## Assigned task
Copy out the full listing below as it stands, with its pictures left behind.

## Source data
---
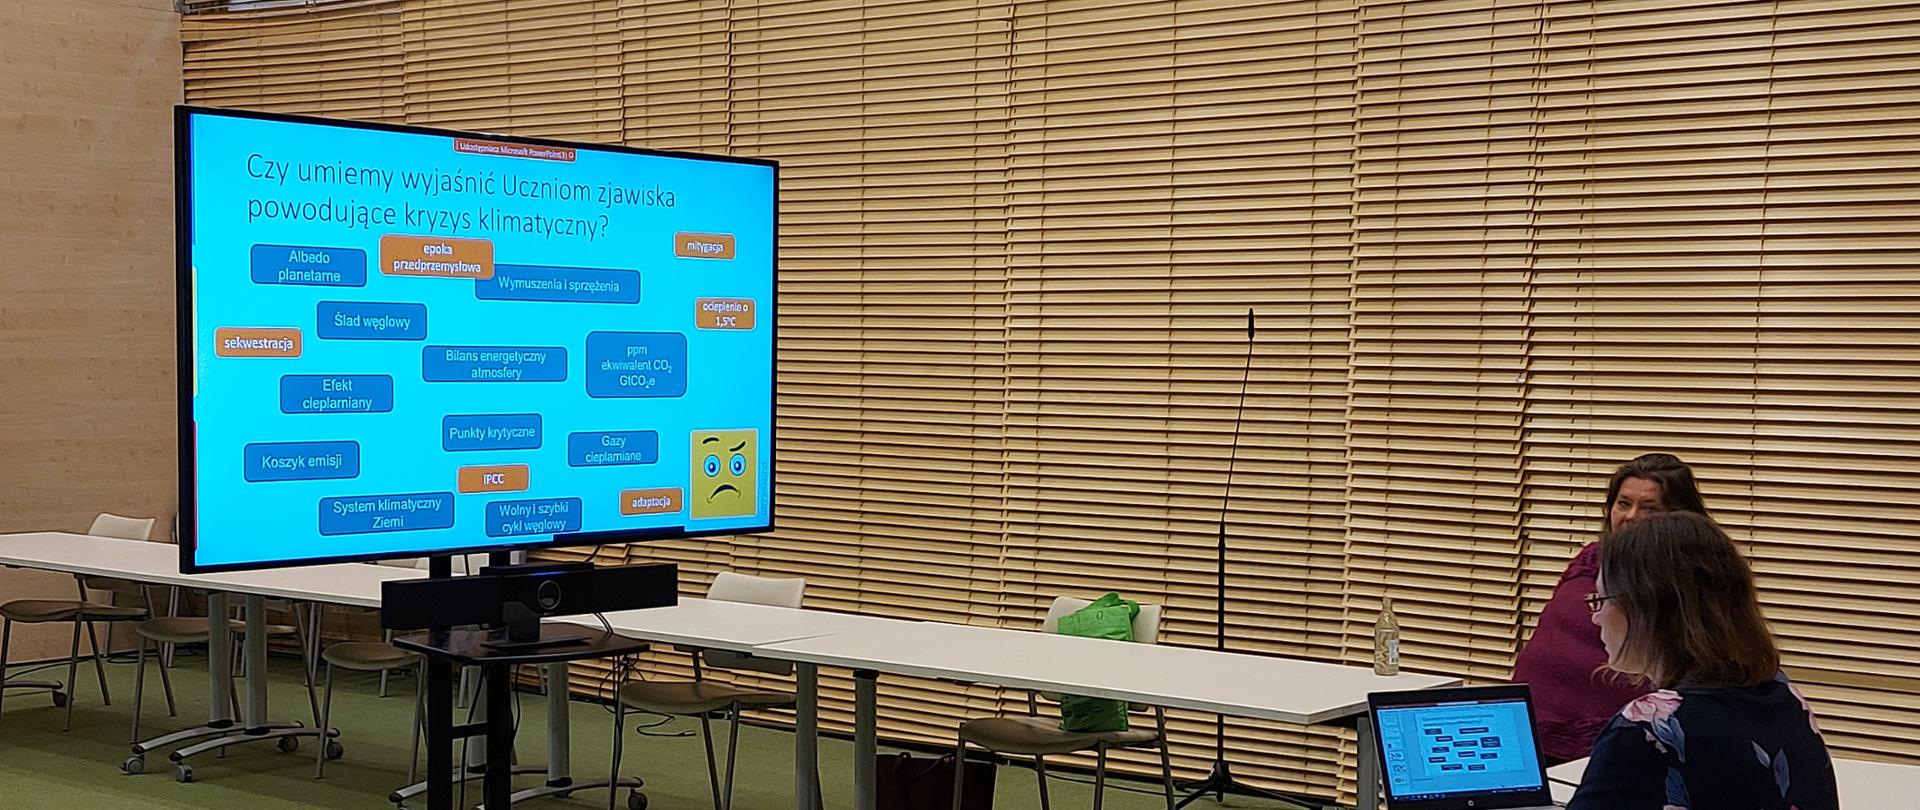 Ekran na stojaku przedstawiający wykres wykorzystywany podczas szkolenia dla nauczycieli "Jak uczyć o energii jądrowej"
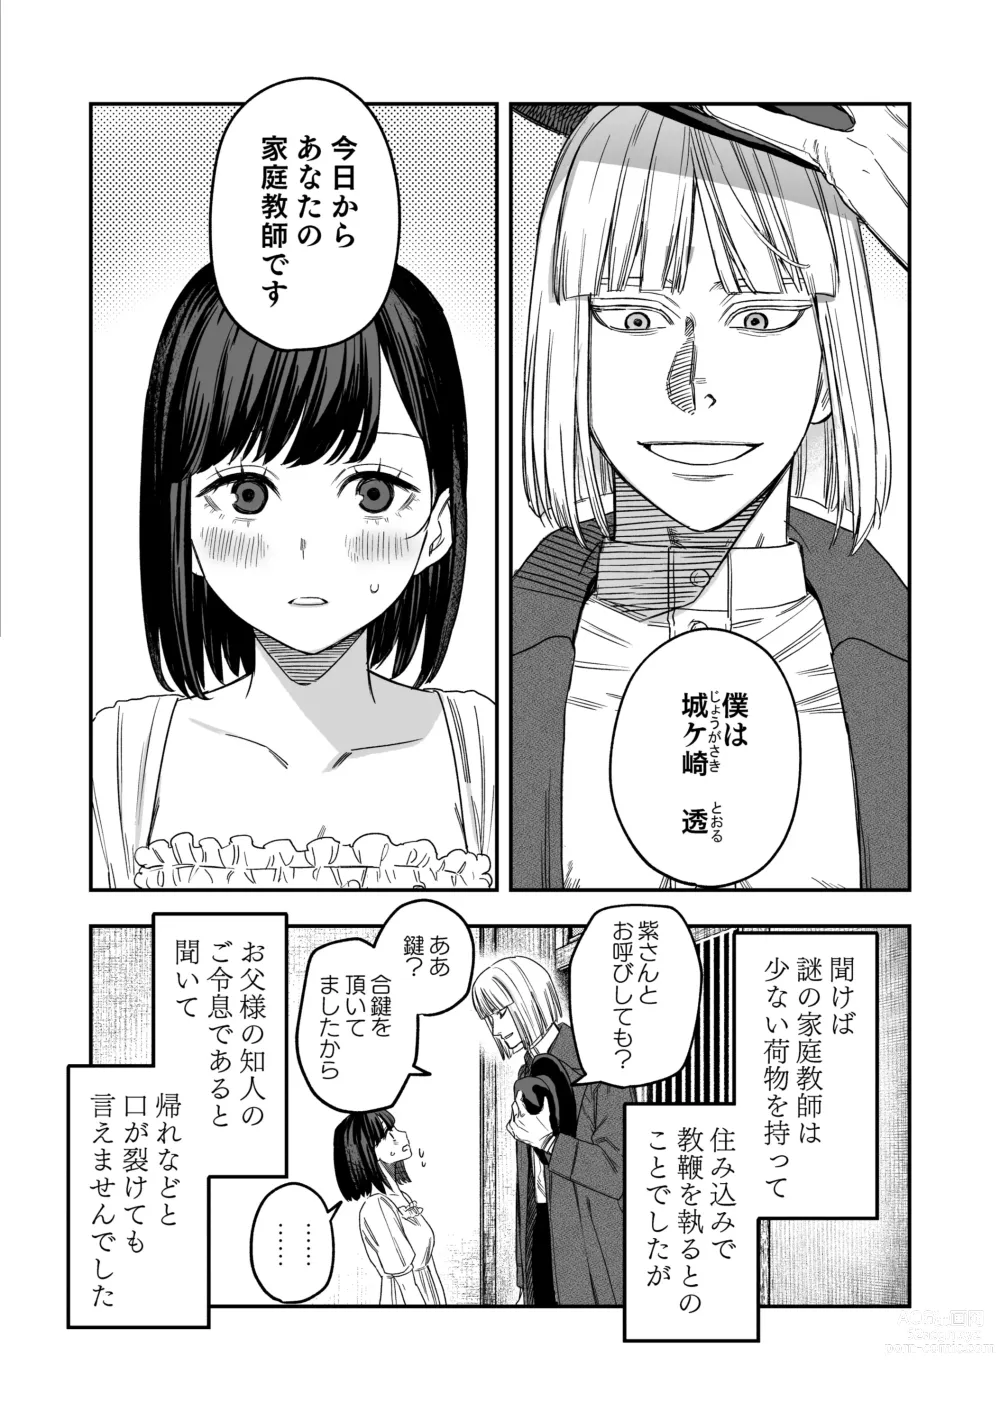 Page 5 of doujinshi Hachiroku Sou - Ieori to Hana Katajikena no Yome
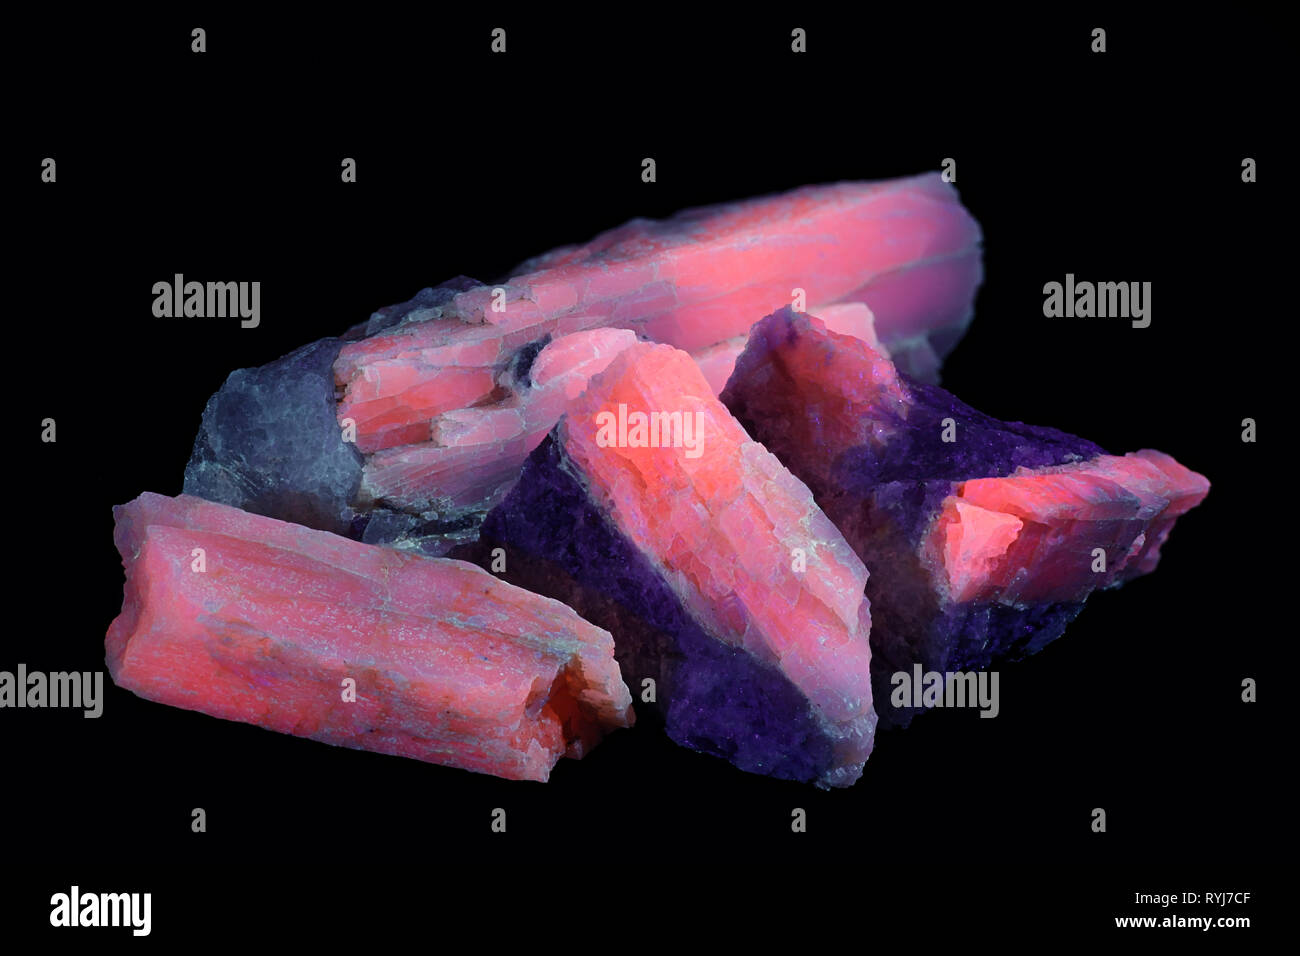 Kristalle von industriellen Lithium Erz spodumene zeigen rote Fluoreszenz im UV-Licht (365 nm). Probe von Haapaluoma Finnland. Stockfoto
---
## Result for this exercise
 Ekran na stojaku przedstawiający wykres wykorzystywany podczas szkolenia dla nauczycieli "Jak uczyć o energii jądrowej"
 Page 5 of doujinshi Hachiroku Sou - Ieori to Hana Katajikena no Yome
 Kristalle von industriellen Lithium Erz spodumene zeigen rote Fluoreszenz im UV-Licht (365 nm). Probe von Haapaluoma Finnland. Stockfoto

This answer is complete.